On 2008-04-26 01:22 +0900 (Sat), Kenneth Burling wrote:

> I like the "Do whatever the hell you want" approach... And if someone
> finds some way to make his copy of the code non-free... Guess what, my
> copy is still good to go. :P

Indeed!

On 2008-04-26 03:34 +0900 (Sat), Stephen J. Turnbull wrote:

> Be careful here.  The GPL is the exact equivalent in legal language of
> "you play nicely with *my* ball, or I'm going to take *my* ball and go
> home".  It's not very grownup, but it doesn't necessarily imply an
> attempt to control what others do.

I don't think that just "play nicely" is quite the right way of putting
it. It's more like, "if you happen to build a football stadium in which
to use my ball, you have to let everybody play in it for free, forever."
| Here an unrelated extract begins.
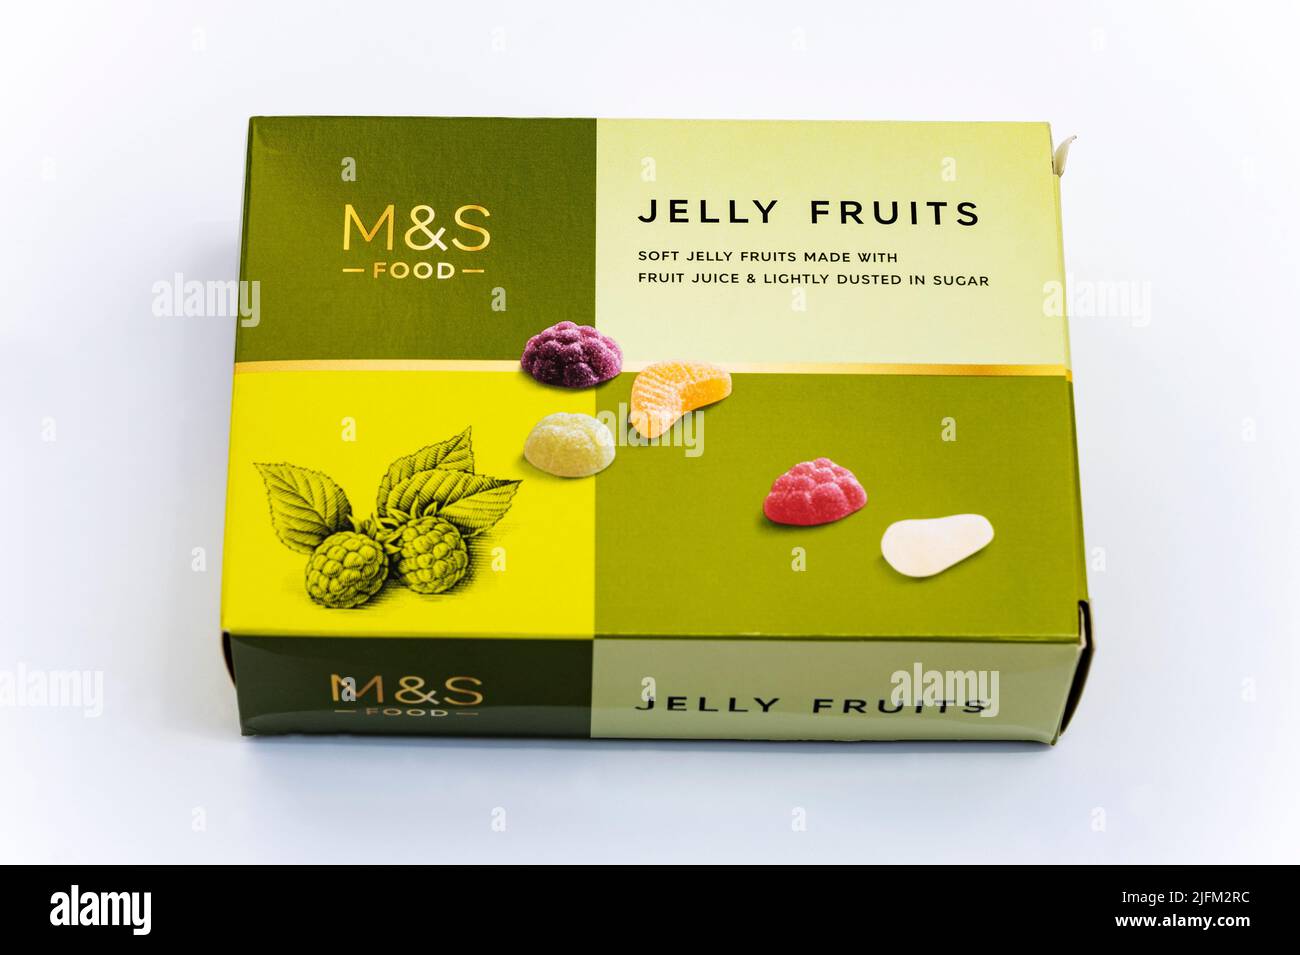 M&S Foods jelly fruits Stock Photo

If I happen to have spent a lot of time and effort writing, say, an
office suite, and I link the few-thousand-line readline library with my
millions of lines of code, I then have to give away all my code (which
the readline authors had nothing to do with writing) and its build
system to everyone, for free, in perpetuity. Ouch.

> Given that this arises from a pragmatic stance that "sharing is fun"
> and a philosophical stance that the creator deserves no reward for the
> creation, I think copyleft advocates need a "fsck -y" of the wetware.
> And rms is definitely a control freak of the psychotic sort.

Indeed.

Had the BSD TCP stack been GPL'd, thus forcing everyone using it to give
away source for all of their OSes etc. for free if they used it, you can
bet that a lot of copiers out there would be speaking only MS protocols
right now, and either doing it poorly or doing it using MS-licensed
code.

> But there are plenty of copyleft advocates who (nonetheless) take a
> sort of conscientious objector stance: they just refuse to play with
> those who won't play by their rules.  It's an exercise of freedom of
> association for them, not an attempt to control others.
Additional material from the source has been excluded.